Former Norwegian glove manufacturer

Brødrene Halléns hanskefabrikk (Norwegian for "The Hallén Brothers' Glove Factory") was an industrial company in Oslo that produced and sold gloves under the Nellah trademark, "Hallén" spelled backward.

== History ==

A tannery and glove-making business was founded in 1822 by Jens Christian Hallén. His son Christian took over in 1862, and before his death in 1888 the third generation, the brothers Ludvig and Wilhelm Hallén, were taken on as partners. The brothers expanded the business into the country's largest glove factory and specialty shop, putting the Nellah trademark on everything from coarse work gloves to fine walking gloves, and established glove shops under the Nellah name in several cities along with several branches in Oslo.

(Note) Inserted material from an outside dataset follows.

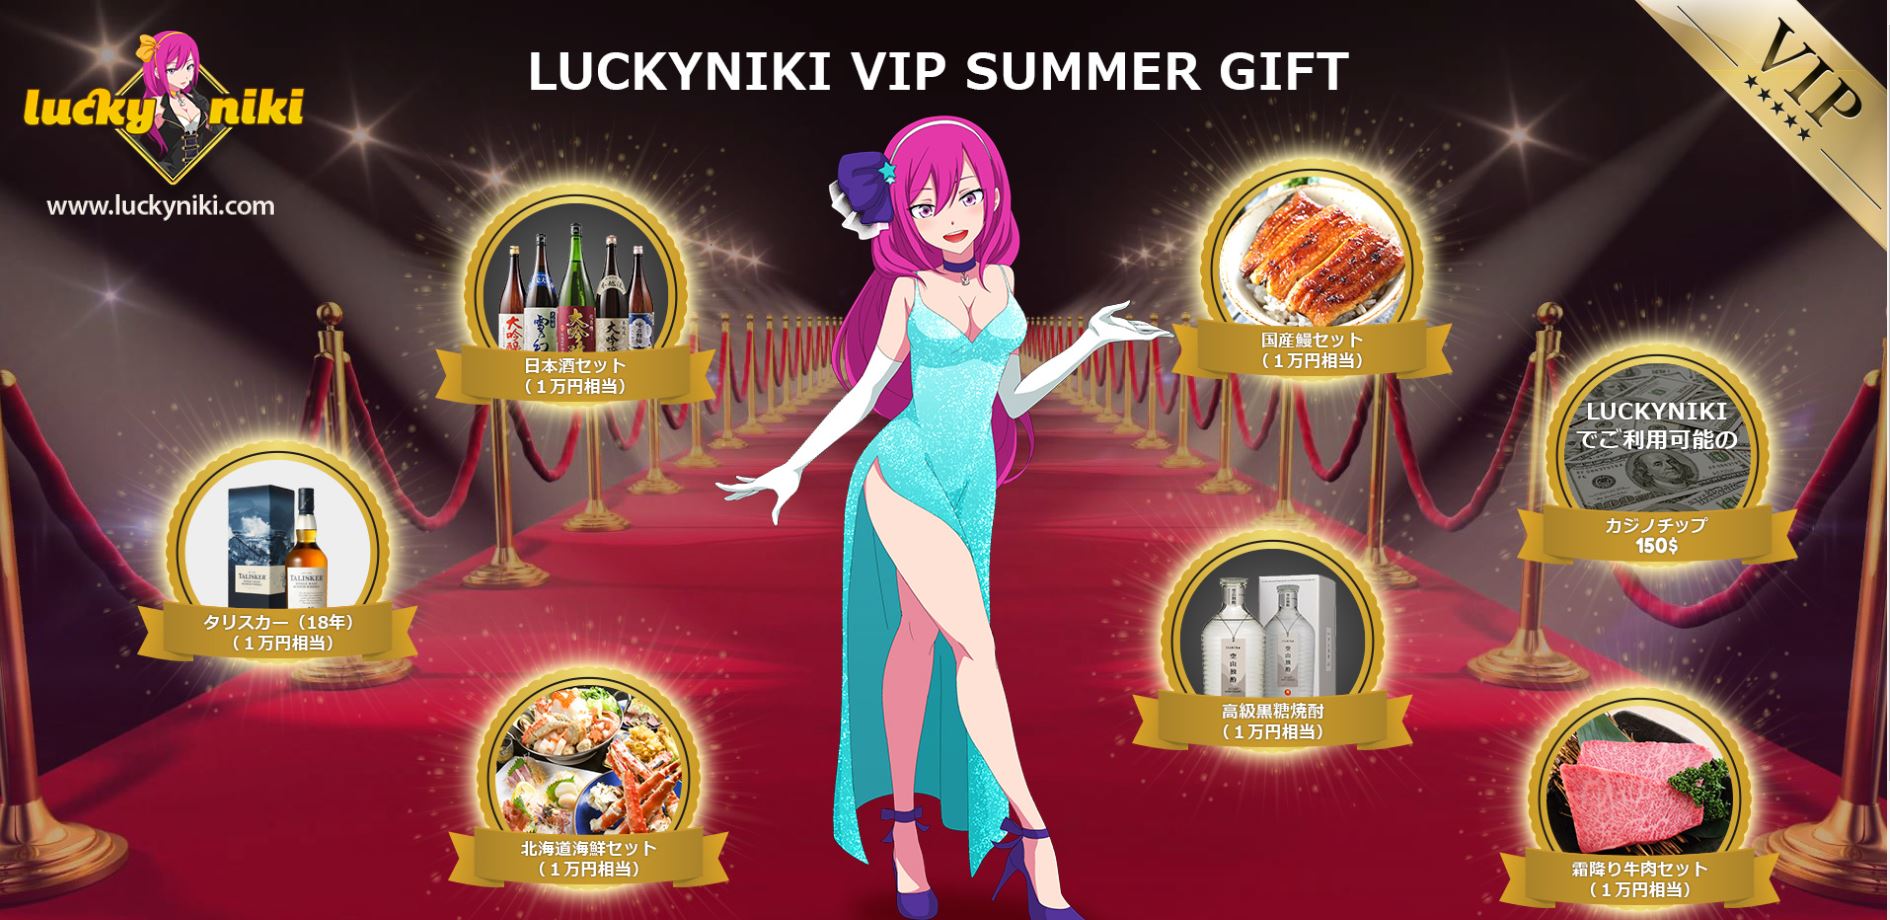 Featured image for “LuckyNikiのVIP様へサマーギフト！”
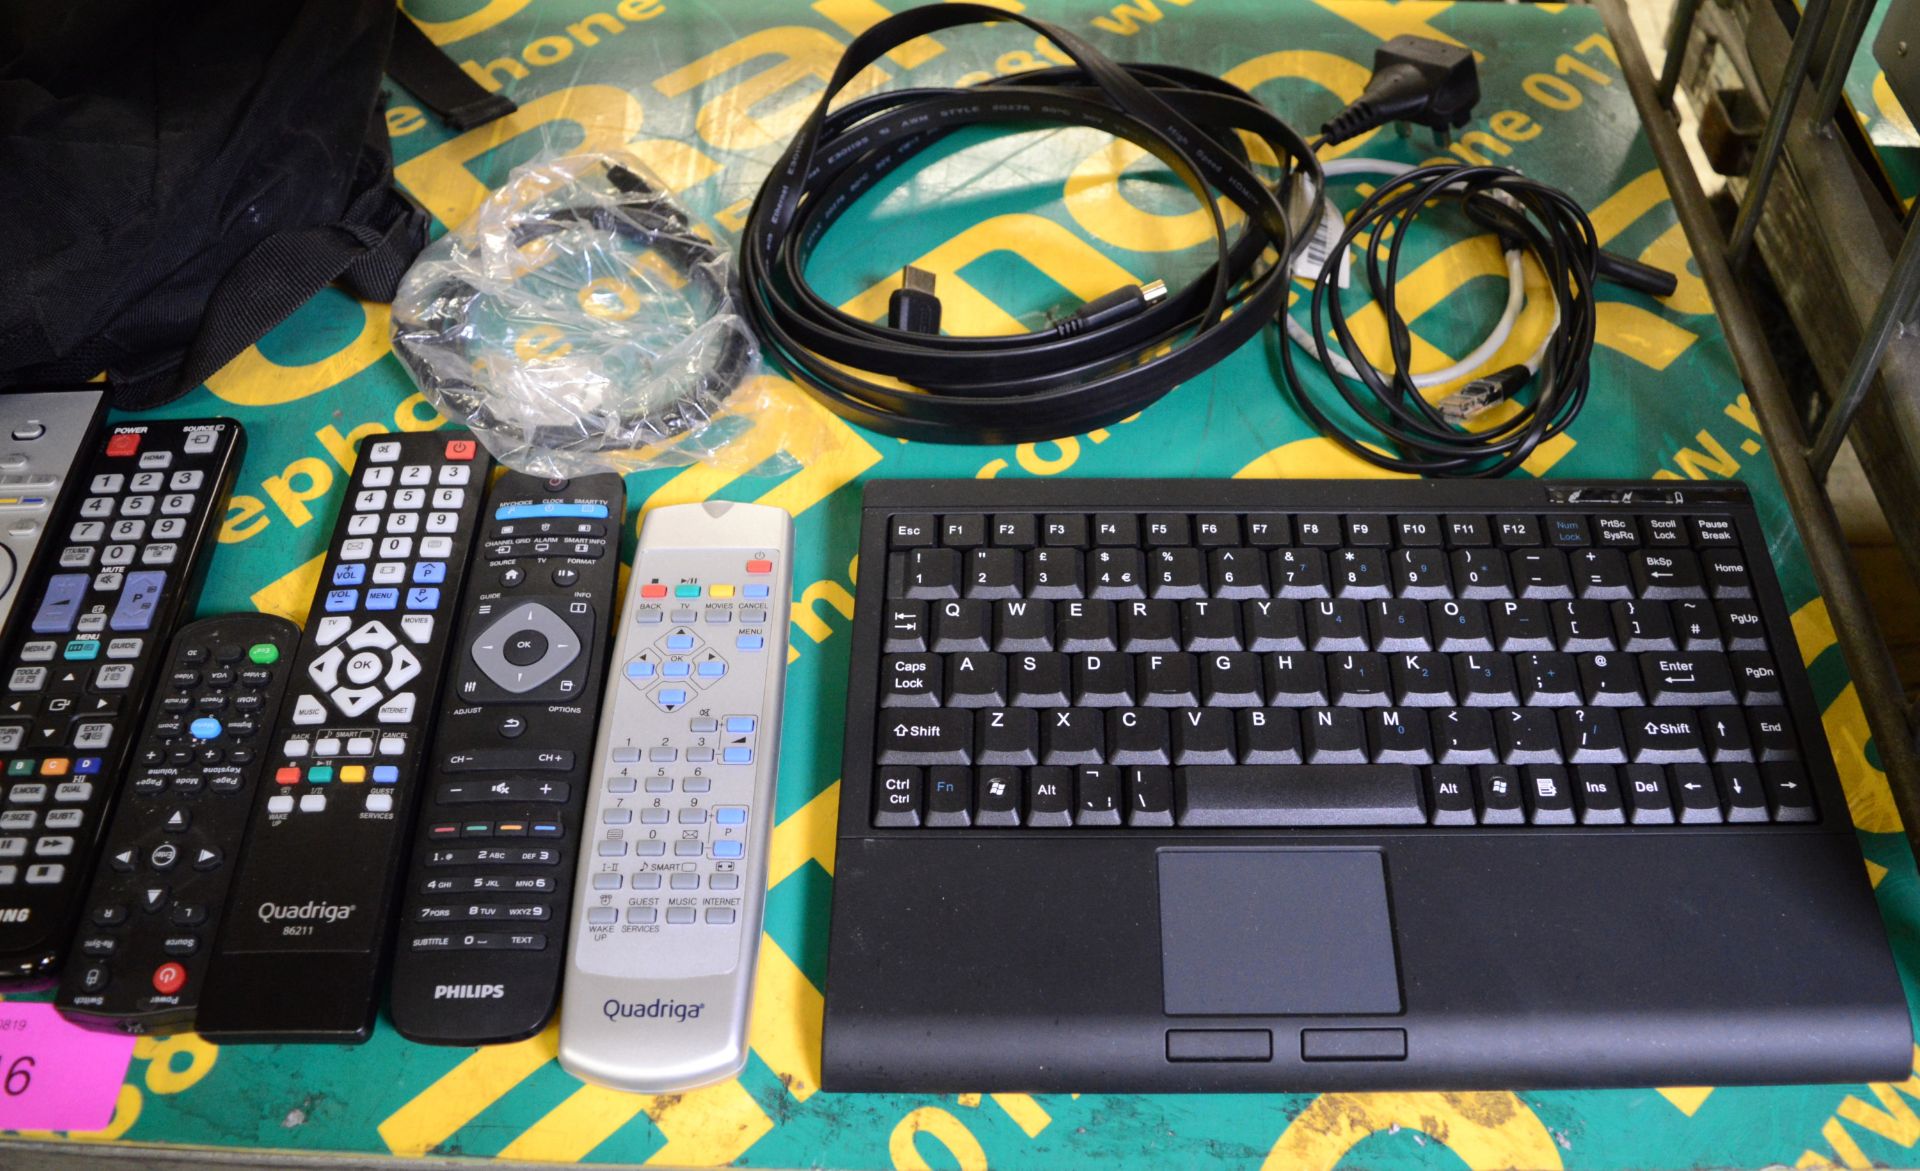 Sanyo Pro-X PLC-SW-30 LCD Projector, Remotes, Cables, Keyboard with carry bag - Image 3 of 3

The factory in Christian Michelsens gate was closed in the late 1970s, and the buildings, near Lilleborg Church, still stand, converted into apartments. The glove shop on the corner of Øvre Slottsgate and Karl Johan was closed in 1989, but its interior was preserved at the wish of the city's heritage authority, while the branch on the corner of Stortingsgata and Roald Amundsens gate, opened in 1936, was carried on by the sixth generation, under Annette Hallén.